I suggest that you go through an edgeR workflow like this one: edgeRQL workflow. All the code is given and all the steps are explained in the detail. If you want any more explanation about any particular function used in the workflow, just consult the online help (for example) by help("cpm").

Comparing groups does not play any role in the construction of a heatmap, although sometimes one selects genes to display that we know will separate the groups. edgeR doesn't actually make heatmaps at all, it simply creates data suitable for a heatmap and passes that to a heatmap function.

Heatmaps can be exploratory or they can be used a presentation plots to illustrate the results of a DE analysis.
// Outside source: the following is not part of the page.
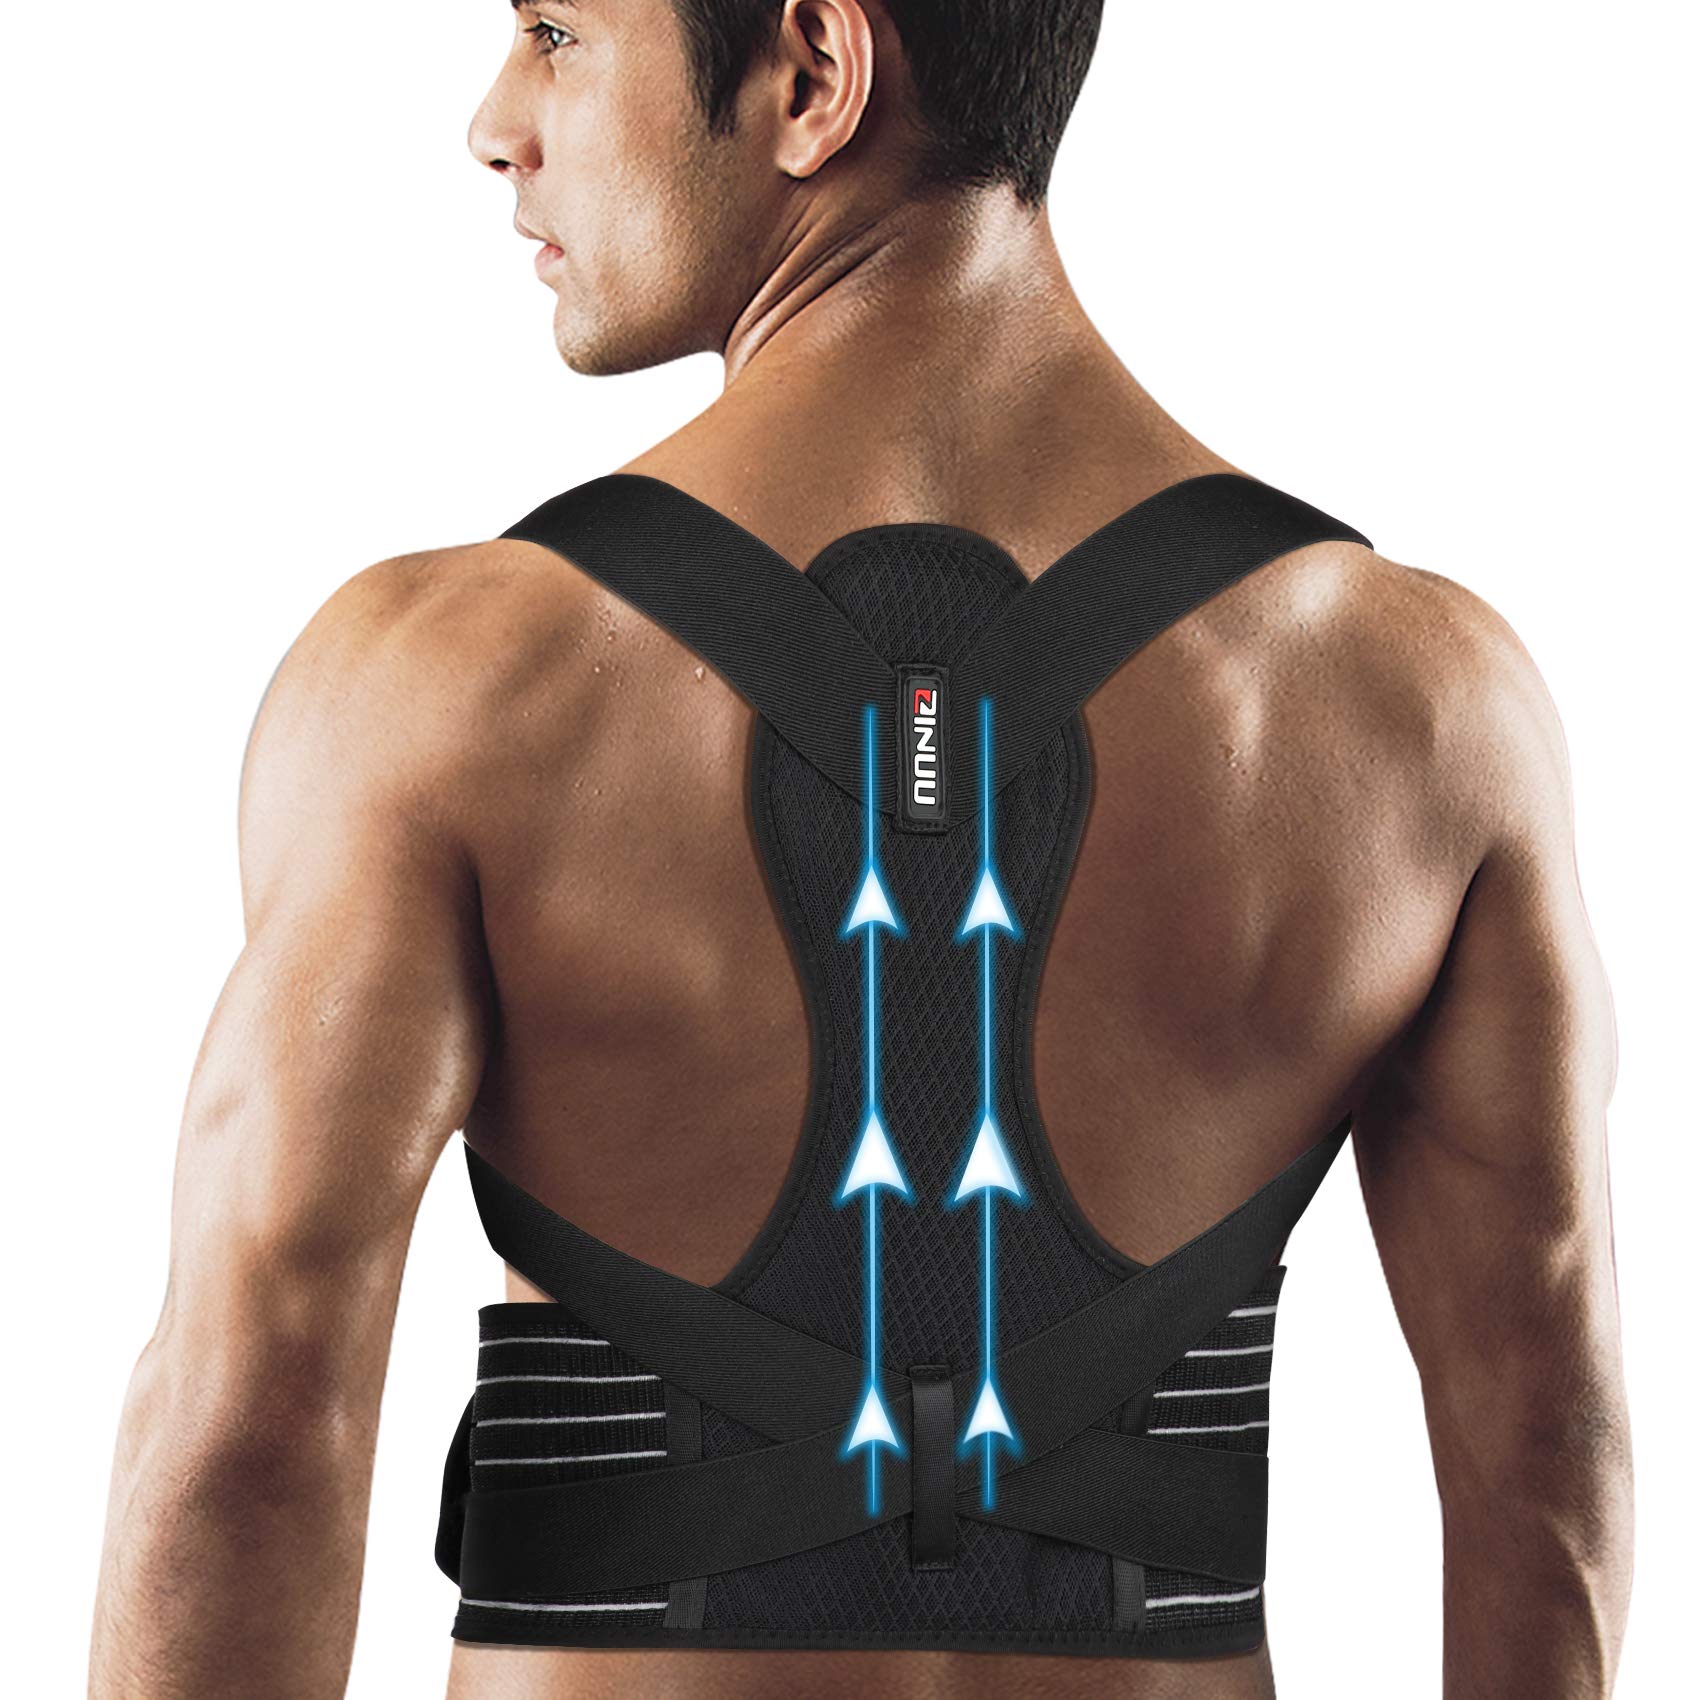 ZINUU Posture Corrector for Men and Women Back Support Belt with

In an exploratory heatmap, one plots genes that are variable between samples without regard to group information. In a presentation plot, one usually plots genes that have already been selected by edgeR as being DE. The presentation plot doesn't have a lot of interpretation except to show visually that DE genes are different between groups but consistent within groups. Which of course we knew anyway, otherwise the genes wouldn't be significantly DE. The process is much the same regardless of the number of groups in your experiment. The workflow that I linked to above gives an example of a presentation heatmap.
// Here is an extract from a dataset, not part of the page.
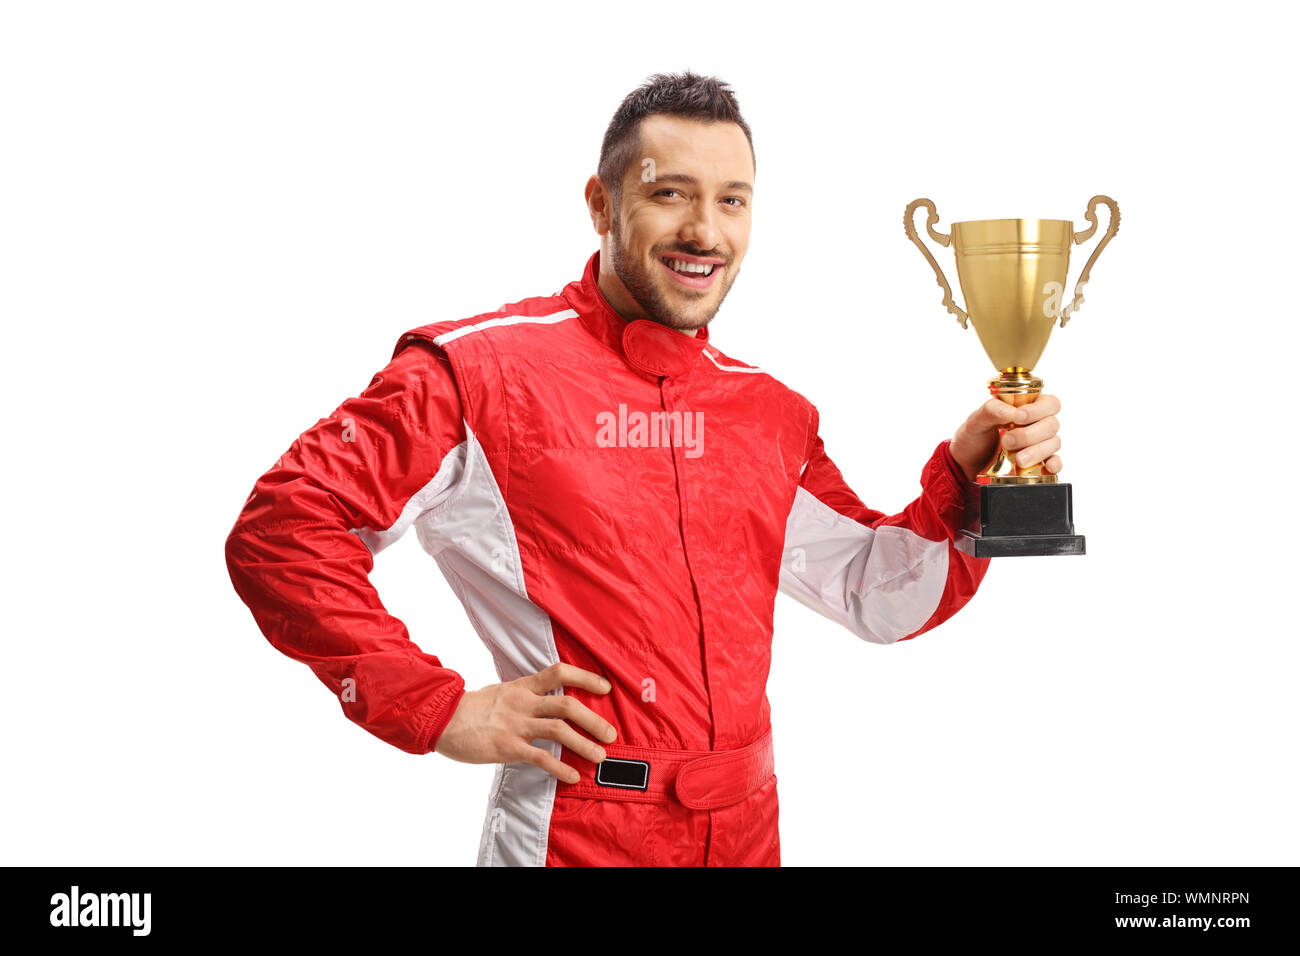 Formula champion holding a gold trophy cup isolated on white background Stock Photo

I suggest you go back to basics and try to clarify what scientific questions you are trying to answer and what role edgeR and heatmaps play in that process. That would be best done in the context of one of your own datasets.

By the way, the is no step called "TMP". Perhaps you meant "TMM".

You say you didn't find anything to help in the edgeR User's Guide, but the User's Guide has a section specifically on heatmaps, which says:

To draw a heatmap of individual RNA-seq samples, we suggest using moderated log-counts-per-million. This can be calculated by cpm with positive values for prior.count, for example

> logcpm <- cpm(y, log=TRUE)

where y is the normalized DGEList object.

The logcpm matrix is then input to a heatmap function. The edgeR Guide doesn't go into details about the heatmap itself because that is external to edgeR.